During the last decade there has been an increasing interest in the management of cartilage lesions, owing to the introduction of new therapeutic options. Beside the improvement of the classical vascular techniques (mosaicplasty, microfractures, etc.), cell therapy and tissue engineering have opened new perspectives in this field. One of the most recent tissue engineering techniques is represented by the MACI‚ (Matrix-induced Autologous Chondrocyte Implantation). This method requires seeding of autologous chondrocytes on a type I-III collagene membrane, after their arthroscopy harvesting from the knee and subsequent in vitro expansion of the cellular population using autologous serum. The seeded membrane is implanted in the chondral defect using exclusively fibrin glue, through a limited exposure joint approach. Membrane structure and its cellular population were investigated by light microscopy, SEM and electrophoresis (SDS PAGE 7%) before implantation. There was evidence of chondroblasts and type II collagen inside the seeded membrane.

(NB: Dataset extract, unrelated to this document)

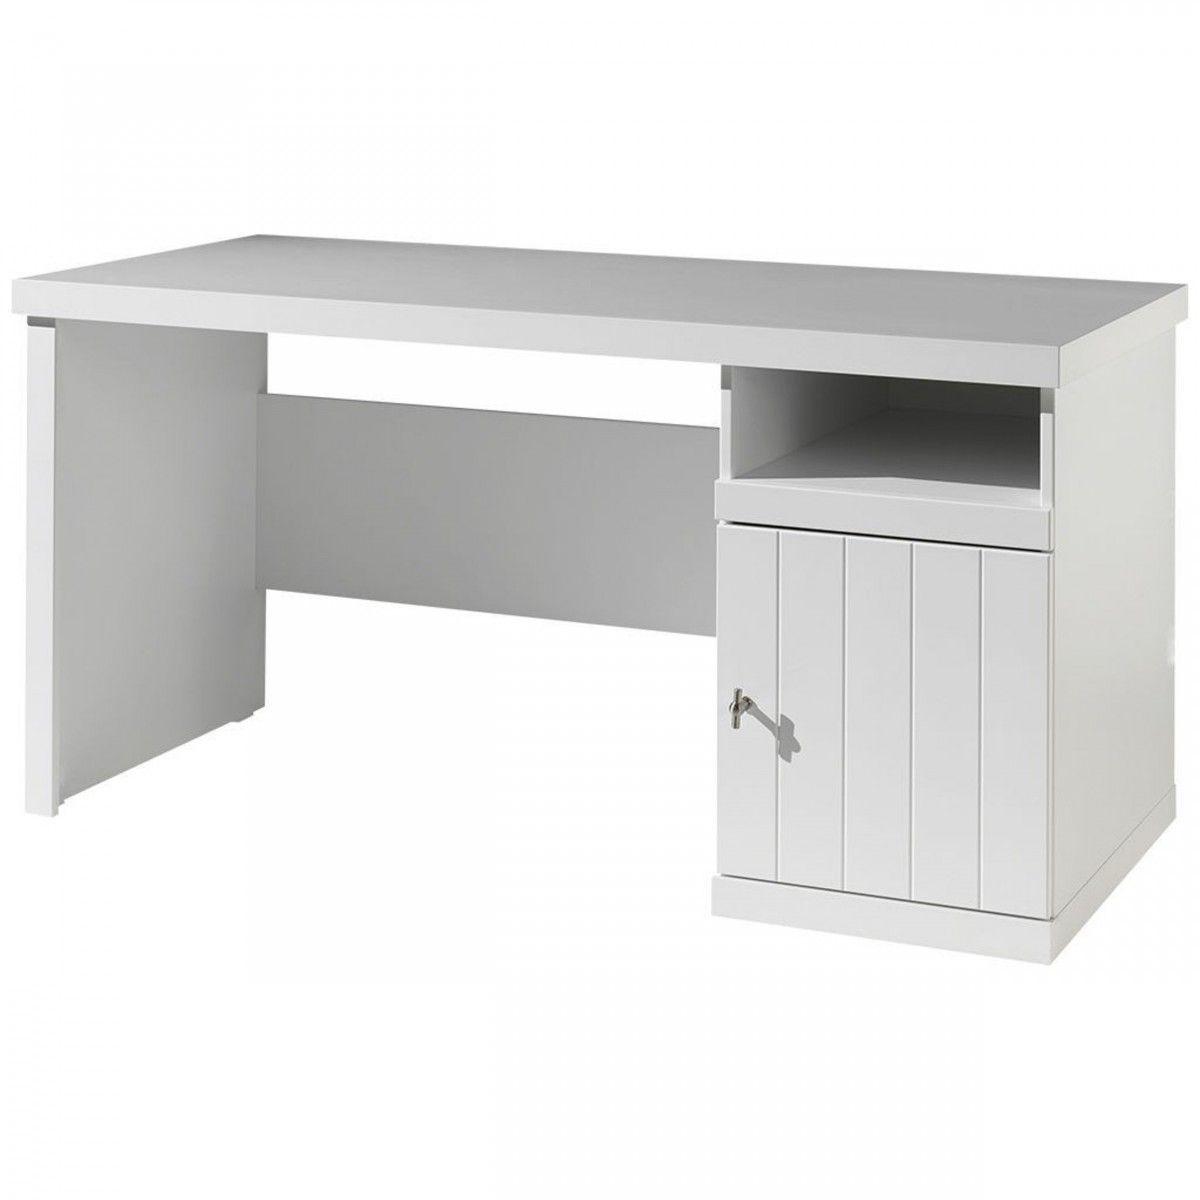 terre bureau en bois blanc mgve bu1011 de nuit. Black Bedroom Furniture Sets. Home Design Ideas

The clinical and functional evaluation was performed using the ICRS (International Cartilage Repair Society) rating scale, the modified Cincinnati rating system, Lysholm II and Tegner scores for the knee, while the AOFAS (American Orthopaedic Foot and Ankle Society) score was used for the ankle. MRIs were taken before the operation as well as at 6 and 12 months postoperatively. The average follow-up was 6.5 months (range, 2 to 15 months). No complications were observed in the postoperative period. The six patients with a minimum follow-up of 6 months showed an improvement in the clinical and functional status after the operation, as testified by the scores reached with the different rating systems used. MRIs showed the presence of hyaline-like cartilage at the site of implantation.